** Opening RECORDS FOR THE EXERCISE block **

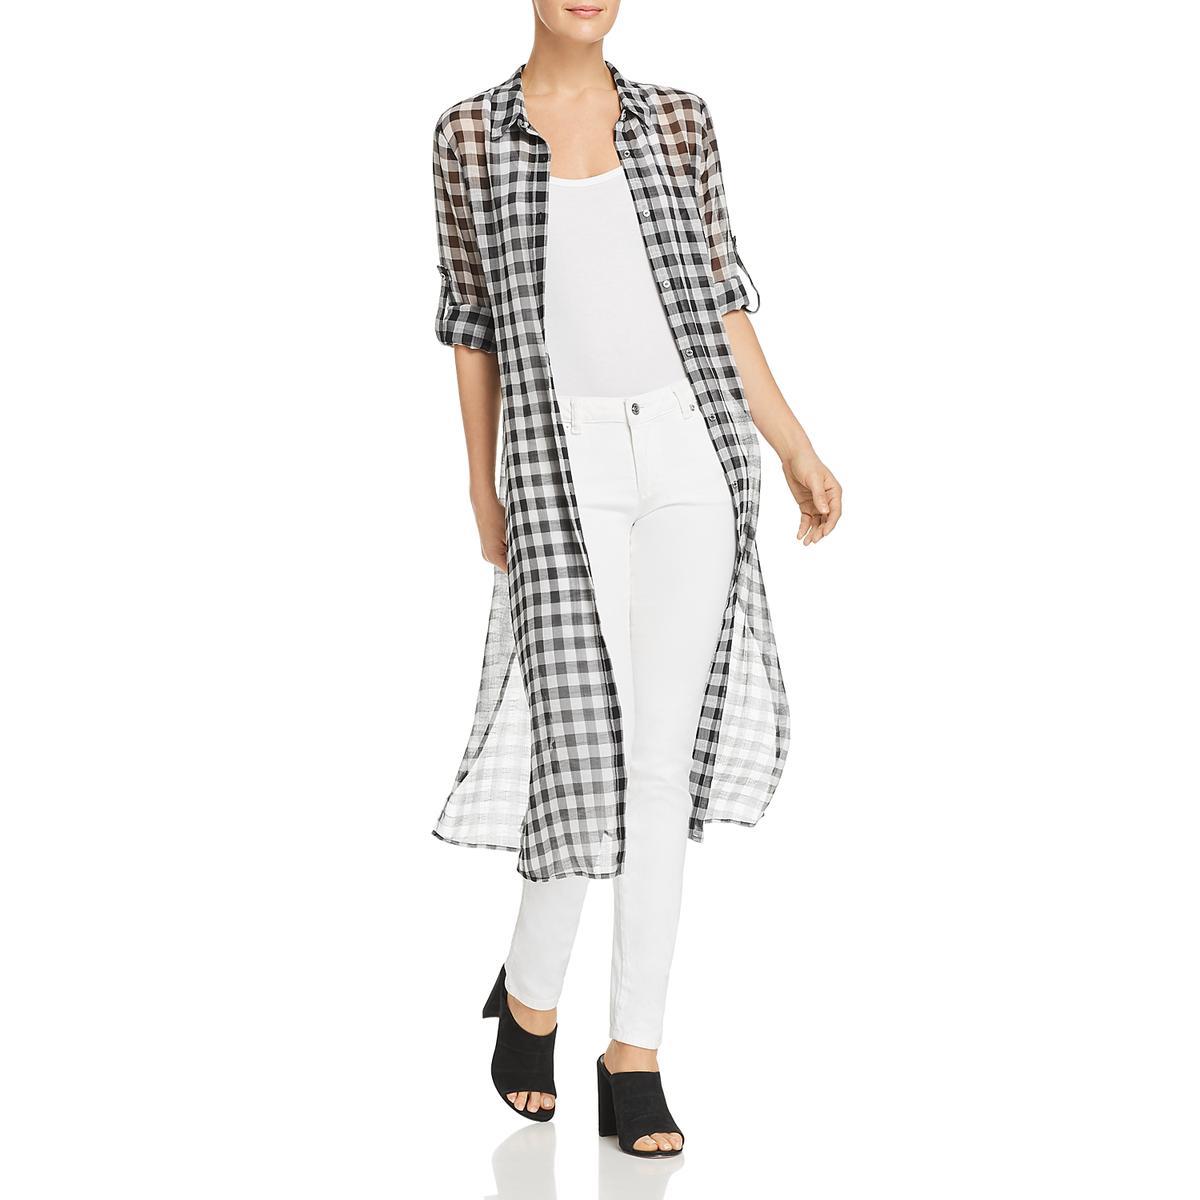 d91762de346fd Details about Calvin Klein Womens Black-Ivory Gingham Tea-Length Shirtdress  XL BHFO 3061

** Closing RECORDS FOR THE EXERCISE block **
** Opening RECORDS FOR THE EXERCISE block **

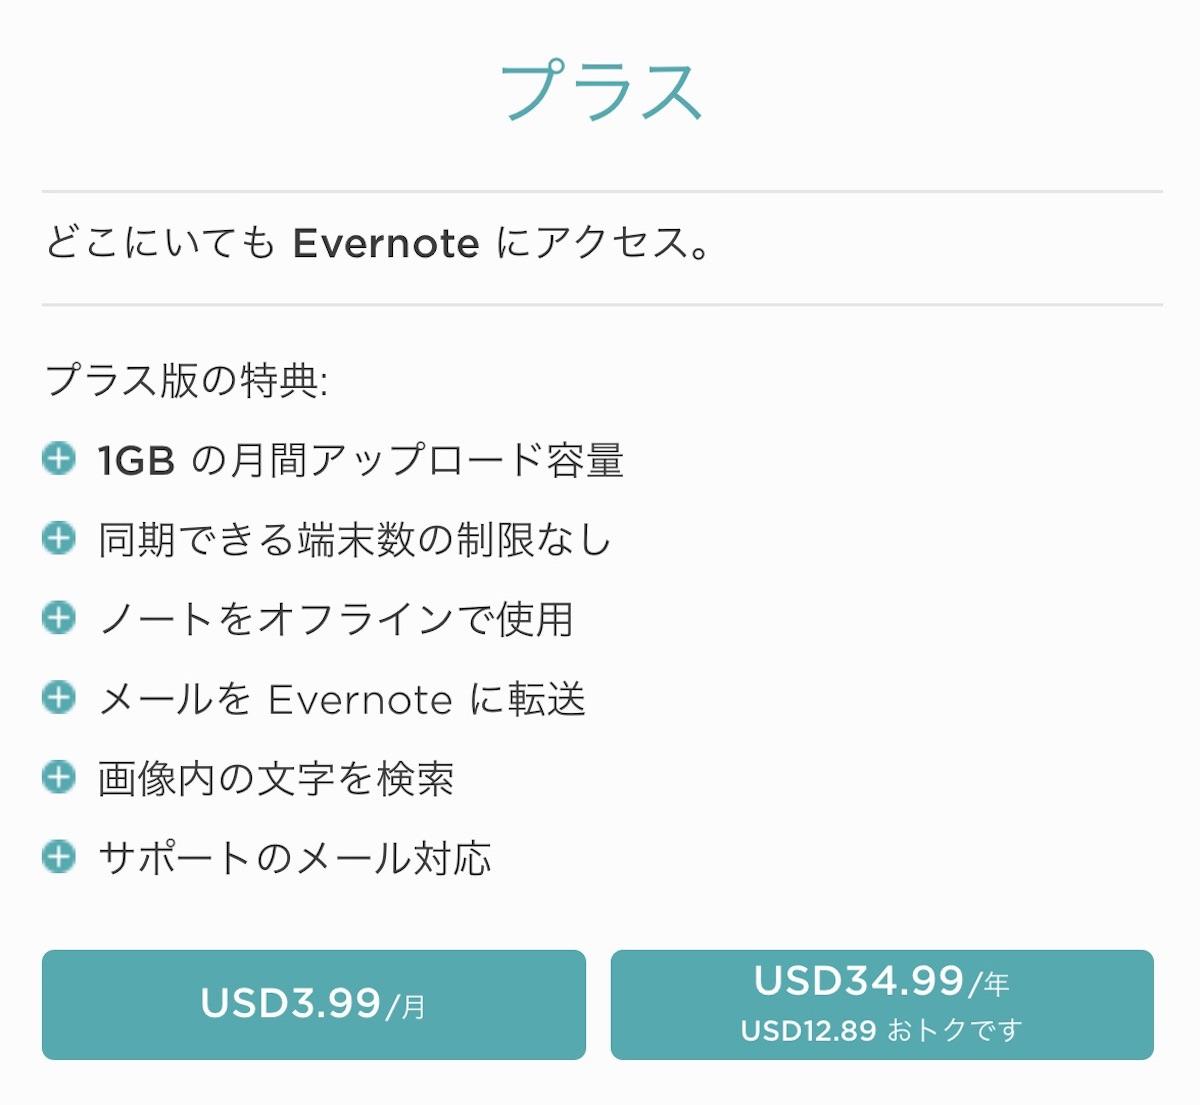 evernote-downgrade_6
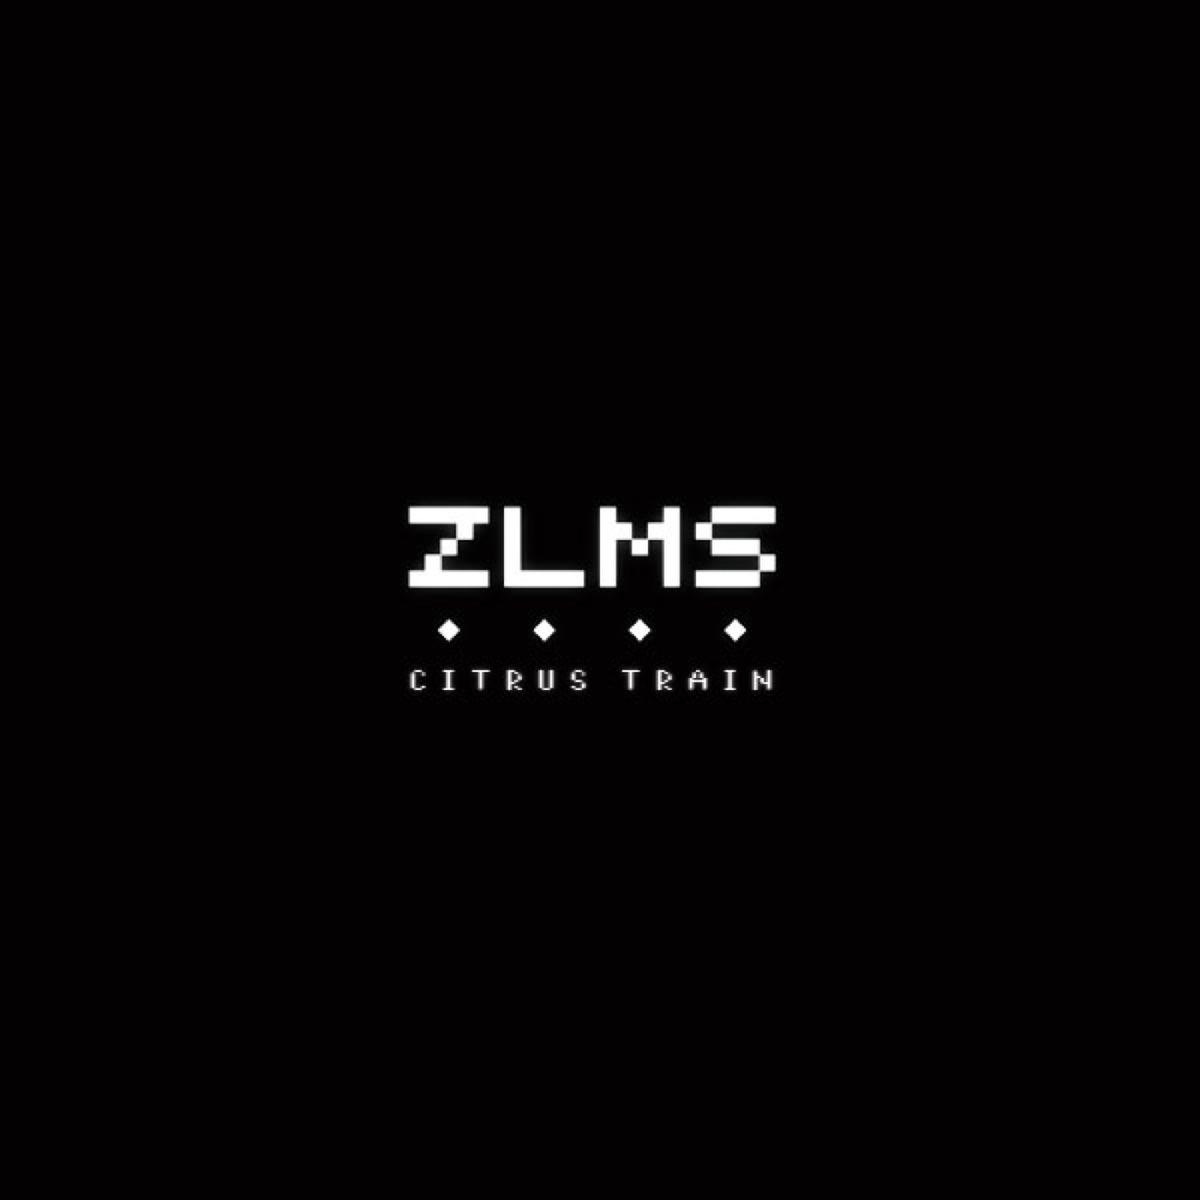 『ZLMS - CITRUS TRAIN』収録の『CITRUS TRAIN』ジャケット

** Closing RECORDS FOR THE EXERCISE block **

EXERCISE REQUIREMENTS
Everything from the line with "evernote-downgrade_6" down to the line with "CITRUS TRAIN』収録の『CITRUS TRAIN』ジャケット" in the data above should be copied exactly, with both end lines kept and the pictures left out.

TASK SOLUTION
 evernote-downgrade_6
 『ZLMS - CITRUS TRAIN』収録の『CITRUS TRAIN』ジャケット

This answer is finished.